She was the first to welcome our family after our cross country travel each summer, the end of each trip illuminated by the lights of the Wyoming Valley in Northeastern Pennsylvania. A band of weary travelers who arrived in the dead of night to a home, already filled to the brim with family, that somehow always had room for one more, or eight in the case of our family.
She and my Uncle Mike, Michael, she called him, always had more than enough to share, whether that be a bed, sandwich, or beer. We are Irish, after all.
I remember her as one of the fancy aunts, always dressed to the nines and asking me how I was and listening for my answer. She and Uncle Mike were always in the center of things and support when things were lost - people most especially.
They were two people who always had reserves to give more, and they both gave until their last breath.
Delores was a woman married to a storyteller that was larger than life. Her story was of belonging. Her children and their families a testimony to her love of gathering.
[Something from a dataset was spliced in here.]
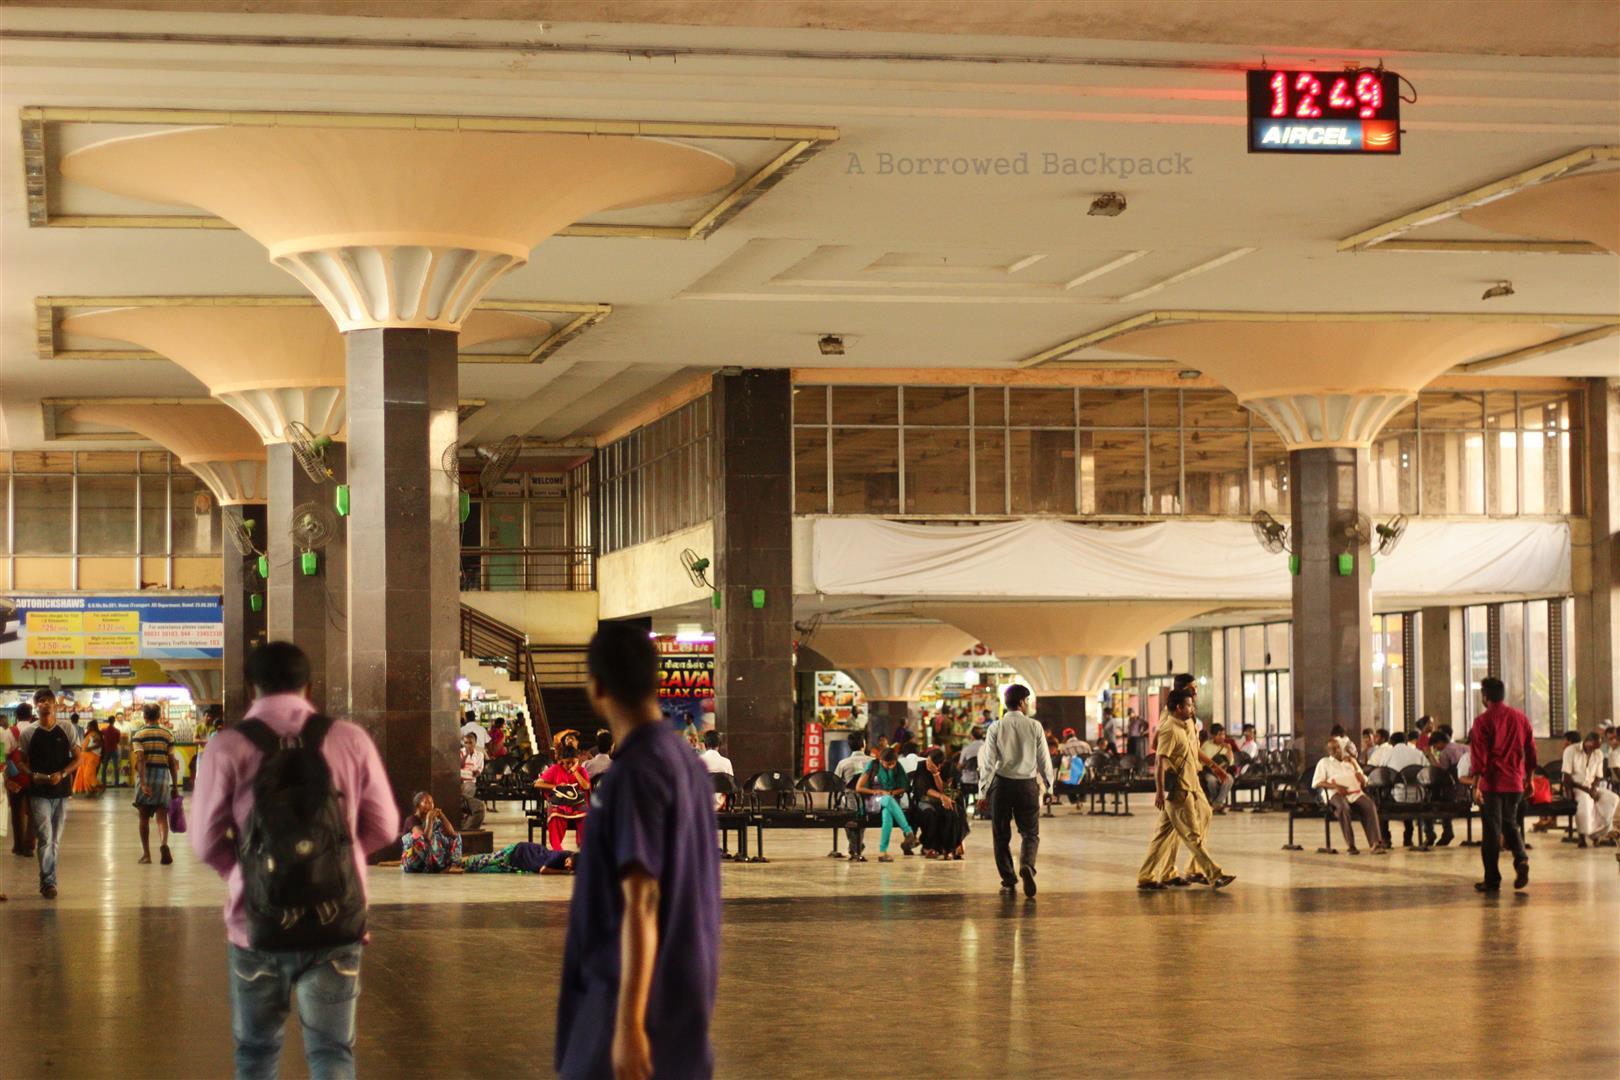 Chennai bus station

In those short weeks each summer, she embodied the sense of connection that extended well beyond the walls of our Texas home into the traditions of Irish storytelling and the power of family.
Our matriarchs root us somehow, and their loss creates a shift. We care for them and mourn them while stepping gently into their shoes, hoping that we too will carry on the mission of belonging that can carry our children forward, taking solace that her weary travels have ended as she reconnects with the love of her life once again.